Jelena Mirkovic, Mark S. Seidenberg and Marc F. Joanisse
jelena@lcnl.wisc.edu
University of Wisconsin

We will describe computational modeling and behavioral research on Serbian, a language with a complex inflectional system. Most research on inflectional morphology has focused on English, an inflectionally impoverished language, and on one inflection, the past tense, for which a rule can be easily stated. Serbian noun morphology, the focus of our work, marks 3 genders, 2 numbers, and 7 cases. This system is quasiregular: many inflections are predictable and consistent but there are numerous exceptions. We implemented a connectionist model in order to investigate the structure of this inflectional system, particularly statistical contingencies that hold among different types of information.
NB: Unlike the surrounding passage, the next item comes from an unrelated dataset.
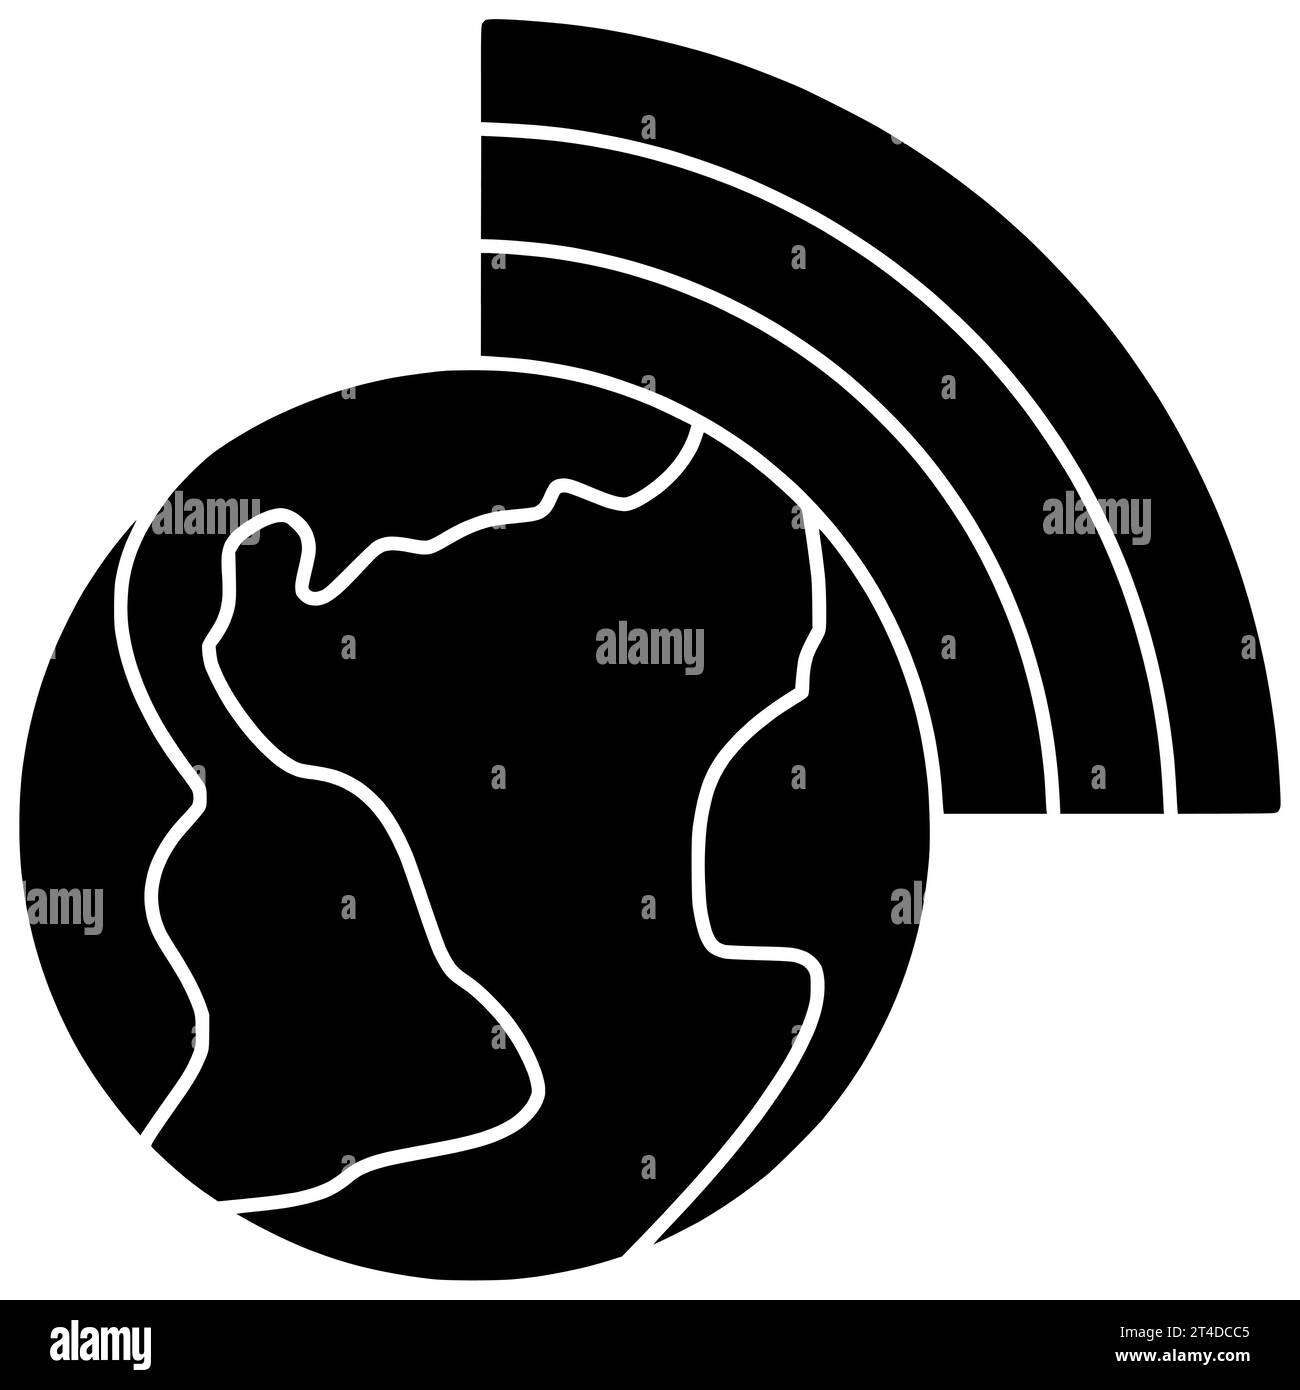 geologia bussola nera silhouette cartografia illustrazione mappa icona geografia logo posizione direzione terra topografia viaggio globo mondo terra continente scienza Foto Stock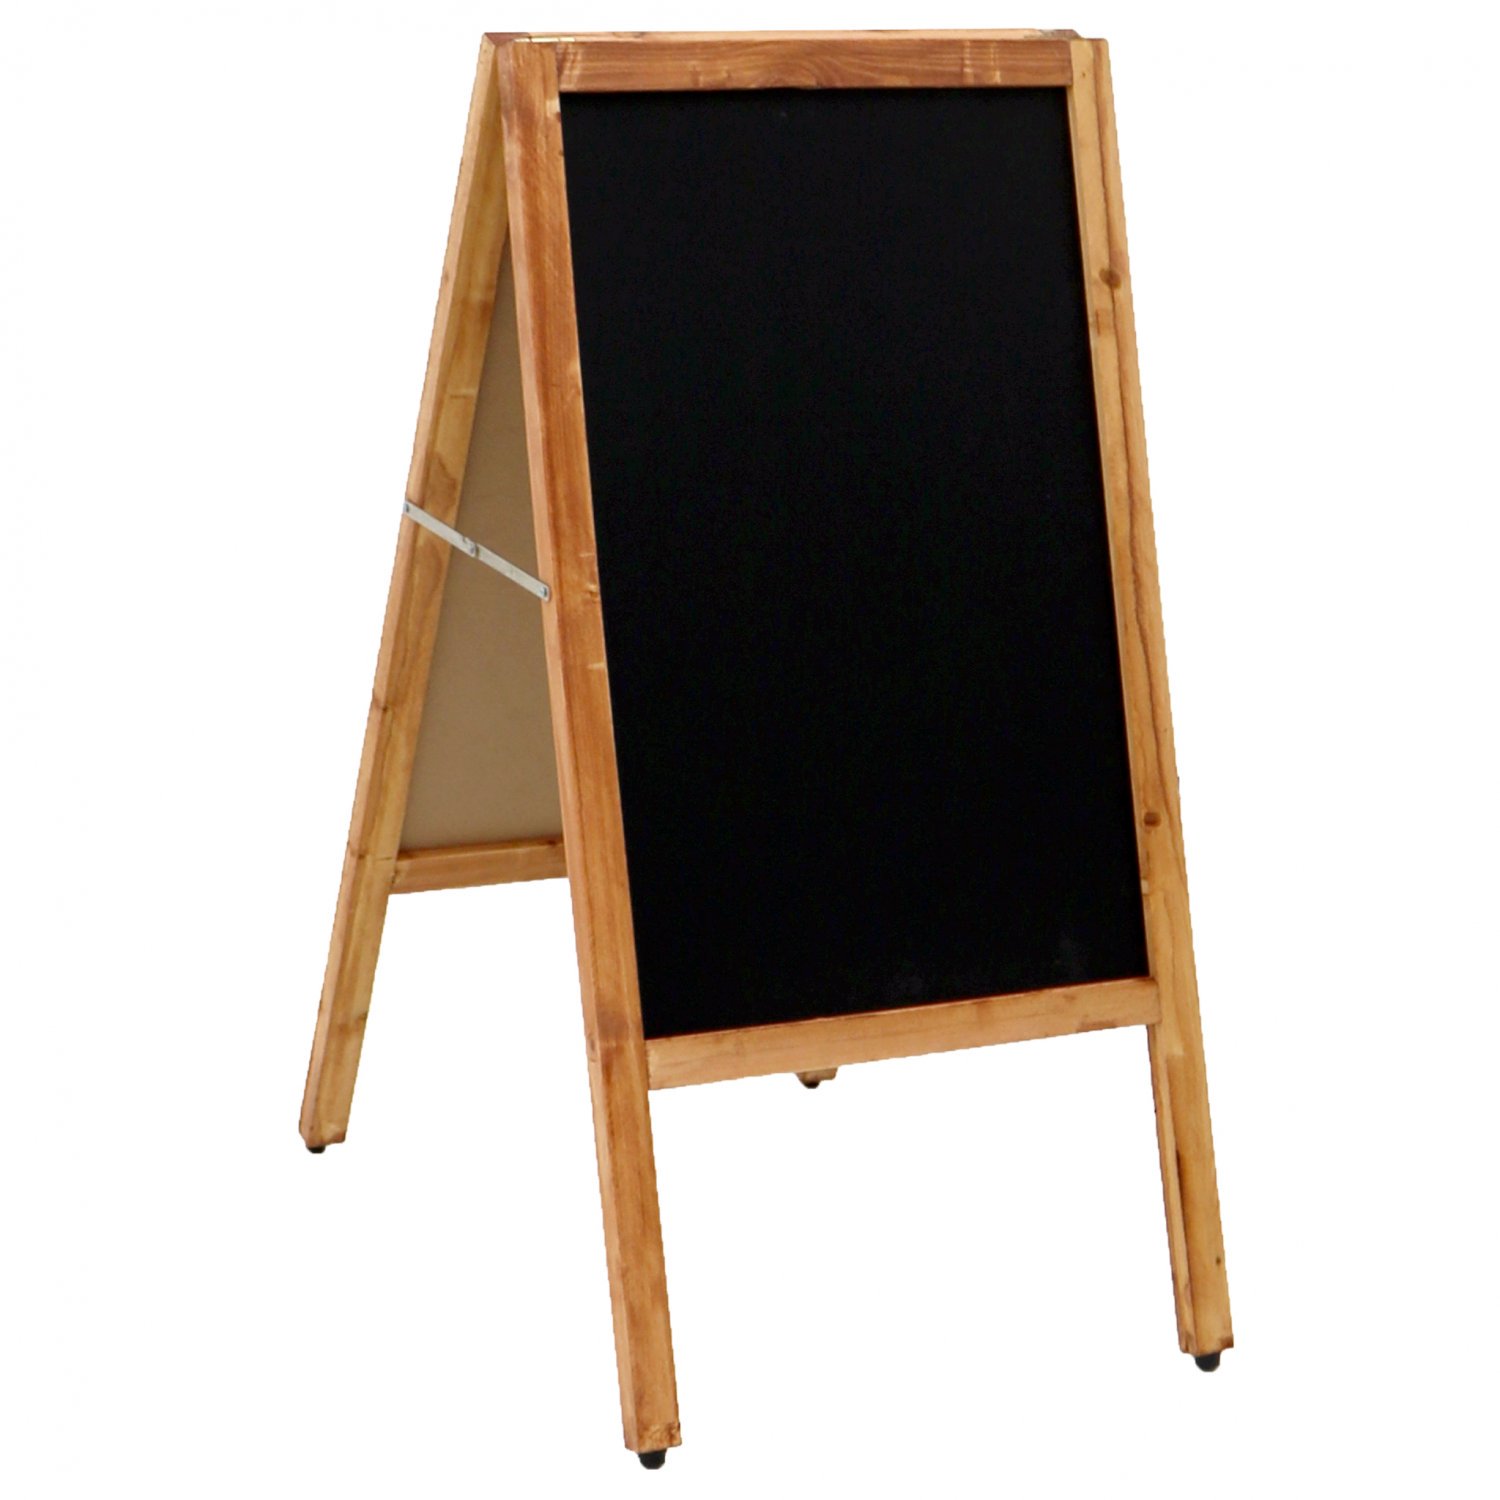 Wooden Chalkboard Blackboard Pavement Display Sign A-Board

The implemented model took localist specifications of lemma, number, gender, and case as input and learned to generate correct phonological forms for 3244 words. The model also produced plausible forms on a generalization test. We then used the model to generate a novel neighborhood statistic that accounted for significant amount of variance in response latencies in a naming study conducted with 48 native speakers of Serbian.

Subsequent versions of the model varied the types of information provided as input. Some theories assume that words are represented by lexical entries that specify information such as grammatical category and gender. Several studies, however, have shown that there are probabilistic phonological cues to grammatical category (e.g. Cutler et al. 1990; Kelly, 1992; Cassidy et al. 1999). We used variants of the model to examine whether there are phonological cues to gender in Serbian. In addition to the original model, with localist representations of lemma, case, number and gender, a second model excluded information about gender. A third model represented lemma, case and number, plus a semantic factor (animacy), which is relevant for generating some forms (e.g. masculine accusative singular). All three types of models learned the training corpus successfully. Initial learning was faster with more explicit input formation, but all the models converged to 99% accuracy within the same time frame (3 million iterations).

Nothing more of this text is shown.